I have done childcare for a lot of years and have cared for many many infants in this time. I got a new baby boy on Monday! He is so precious and such a good baby. Now... I have had babies that almost take your breath away because they are so beautiful! I've also had babies that are cute because they have that comical factor like the old man hairdo, curly red out of control hair, super chubby and so on. I've also had babies that are like the ugly duckling... Start out not so cute and the older they get the prettier they become. 

But.............

I HAVE NEVER. SEEN. An.

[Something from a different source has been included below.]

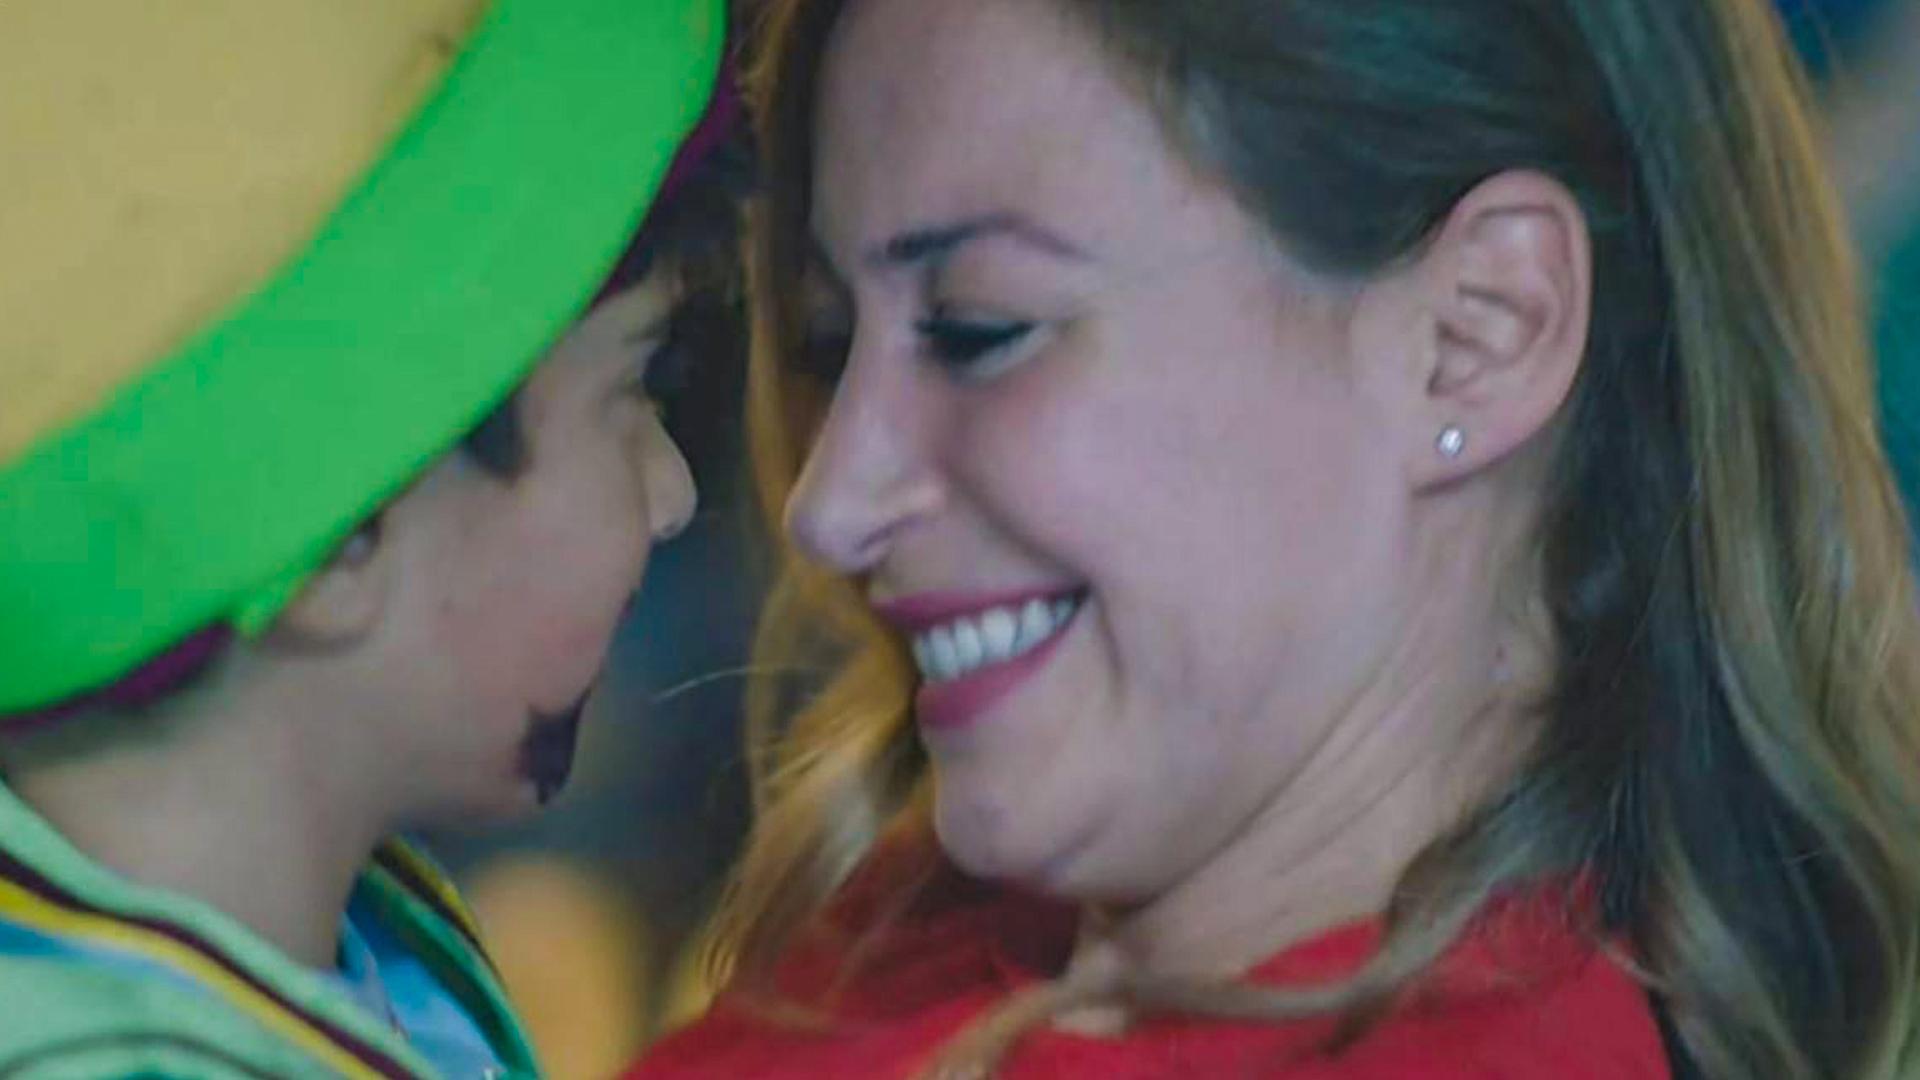 نجاح مسلسل منة شلبي في زيادة طلبات كفالة الأطفال الأيتام orphans ورعايتهم

UGLY. PUPPY!!!!!

I know that Maltese are the cutest puppies ever! 

(sorry Violet and. Hardy)


----------



## crystallynn (Dec 16, 2011)

Awww, congrats! Pictures!!!


----------



## jodublin (Sep 27, 2006)

Photos


----------



## Furbabies mom (Jul 25, 2011)

These aren't my babies they are in my childcare ! Clients children! Of course I thought that my kids and grand kids were beautiful!!!


----------



## zooeysmom (Aug 1, 2011)

ROFL Pics on a public forum probably wouldn't be appreciated


----------



## crystallynn (Dec 16, 2011)

Oh, must have been the morning fog..  I thought you meant a furry baby. Well, congrats on a new baby in the daycare. I miss having a baby around. I'm getting my fix of nurturing with a new furry baby, though. He keeps me busy! :biggrin:


----------



## MoonDog (Jun 6, 2011)

I've never seen an ugly puppy either! And you know what? I hate that contest they do every year, "World's Ugliest Dog". That always makes me sad...


----------



## Furbabies mom (Jul 25, 2011)

Me too! There is something about a dog's eyes that make them beautiful and can melt your heart!


----------



## Lovkins mama (Dec 15, 2011)

I agree there is NO UGLY PUPPY!


----------



## The A Team (Dec 1, 2005)

No, there are no ugly puppies. But I have seen full grown dogs that I thought were pretty weird looking....:blush:....but not many. - and I'm sure their personalities were wonderful.:wub: 

Hey, it's hard when you tell the truth!!! :w00t: I guess it's all personal opinion.

Edit to say: I am NOT speaking of maltese!!!!!!!!!


----------